The Roles of TP53 and FGFR2 in Progress Made Treating Endometrial Cancer

The morbidity and mortality caused by endometrial cancer (EC) is still rising worldwide. In recent years, a new system of tumor stratification has been proposed based on POLE-mutational status, TP53, and microsatellite stability status. The aim of the study was to analyze a vast panel on the genes potentially involved in the genesis of endometrial cancer in the Polish population. One hundred and three white female patients with confirmed endometrial cancer were enrolled on the study. We performed sequencing using the Hot Spot Illumina panel and microsatellite stability with immunohistochemistry. We confirmed a key role of the TP53 mutation in progress to high-grade EC and parallelly some role of FGFR2 mutation. Moreover, our data present a vast landscape of mutations in EC and their polymorphism. We reported the meaning of FGFR2 mutation and TP53 (high copy number) in high-grade ECs.
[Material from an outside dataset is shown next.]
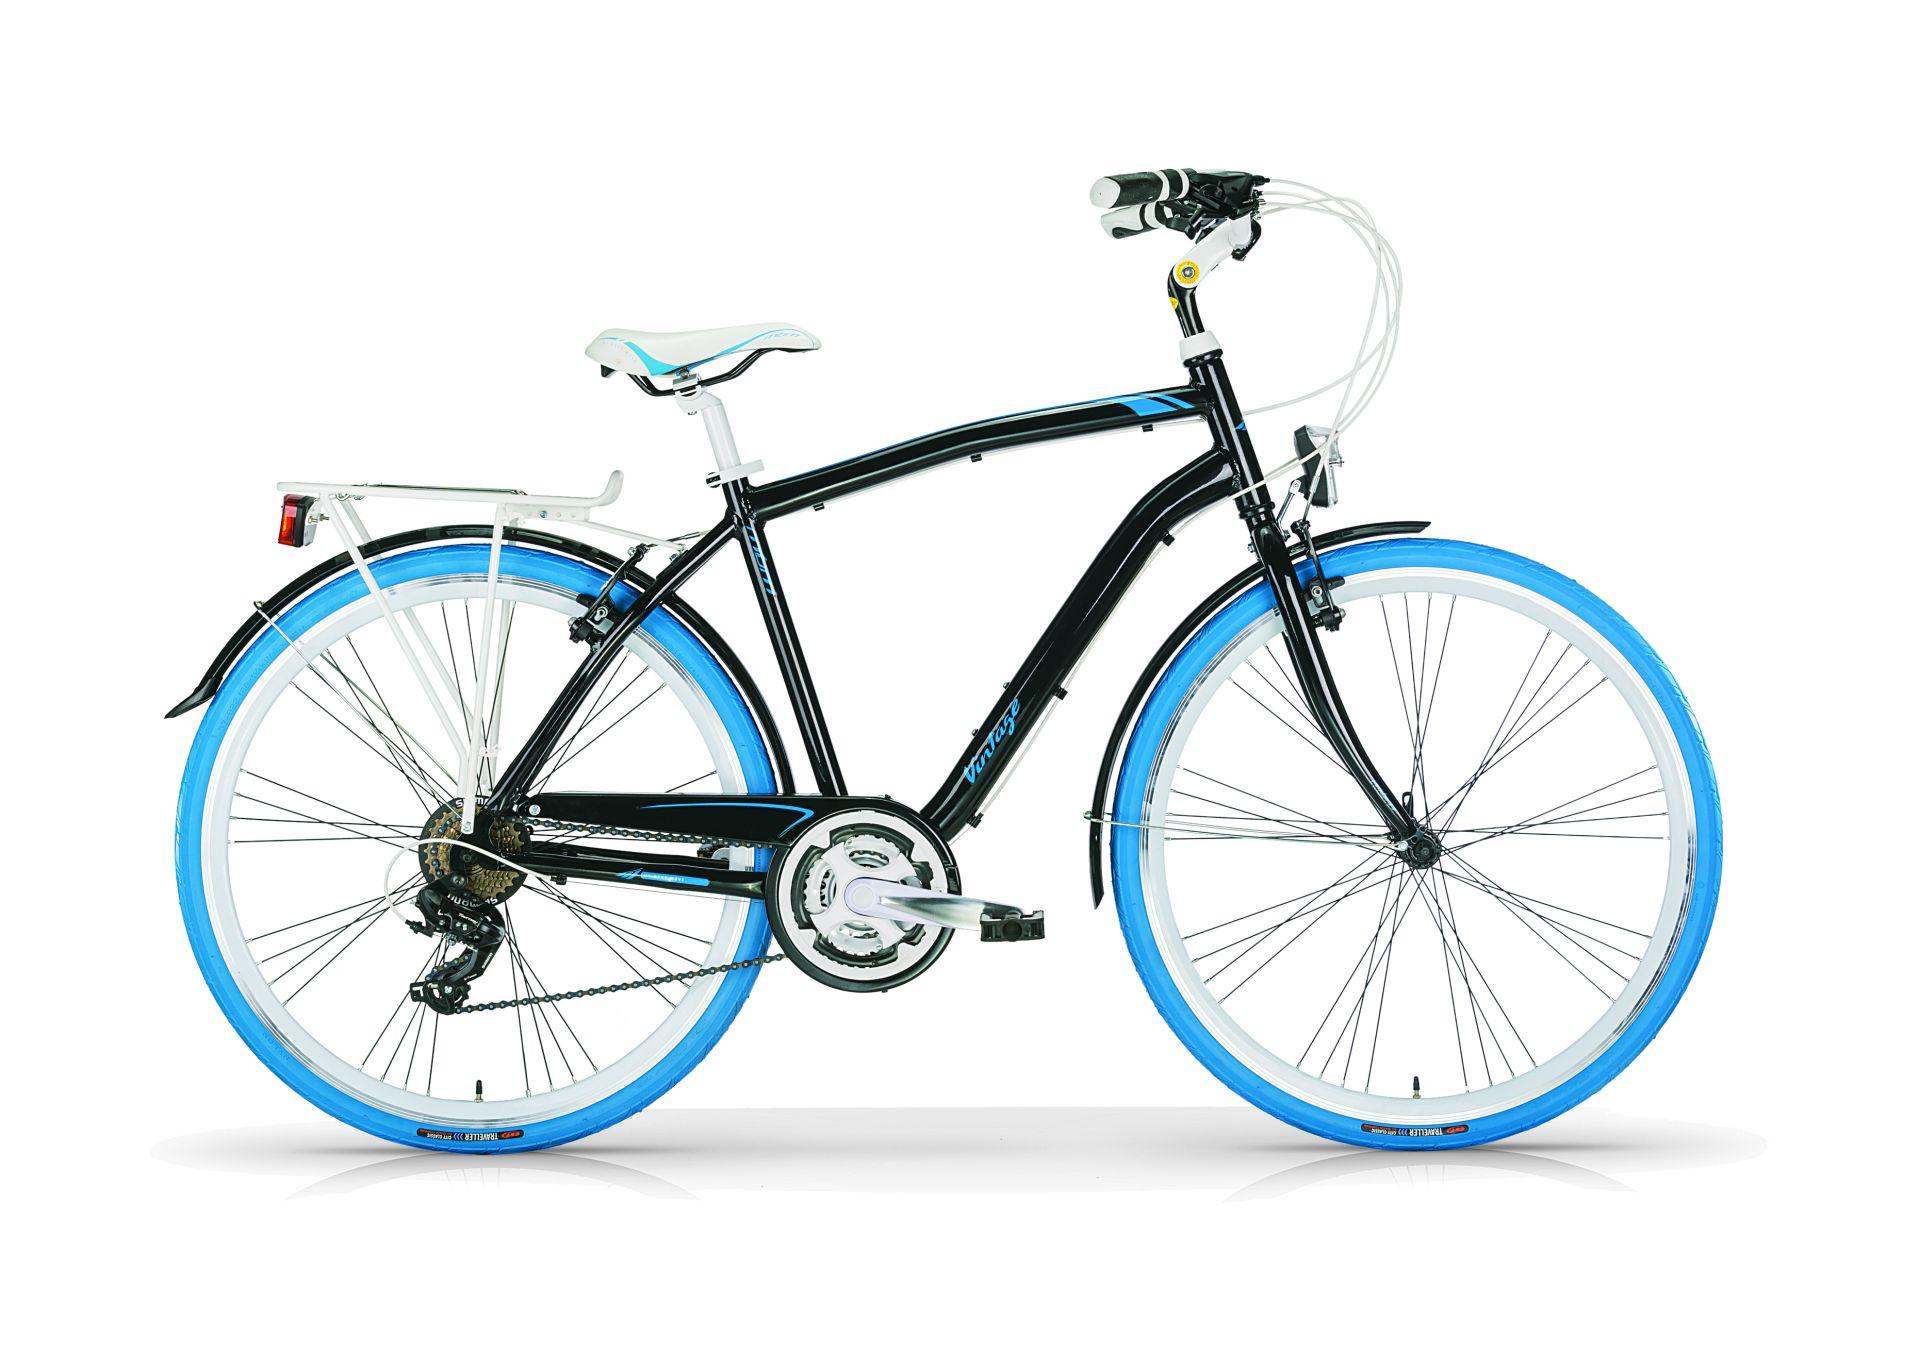 Bici Uomo Vintage Mbm 28 21v Alluminio

Our observation in MSI contribution is comparable with other studies. Finally, we see a strong need for the implementation of the TCGA classification.

Automated summary

This study analyzed the potential genes involved in the development of endometrial cancer in the Polish population and confirmed the key role of TP53 mutation in high-grade endometrial cancer, as well as the significance of FGFR2 mutation. Additionally, the study presented a wide range of mutations and polymorphism in endometrial cancer.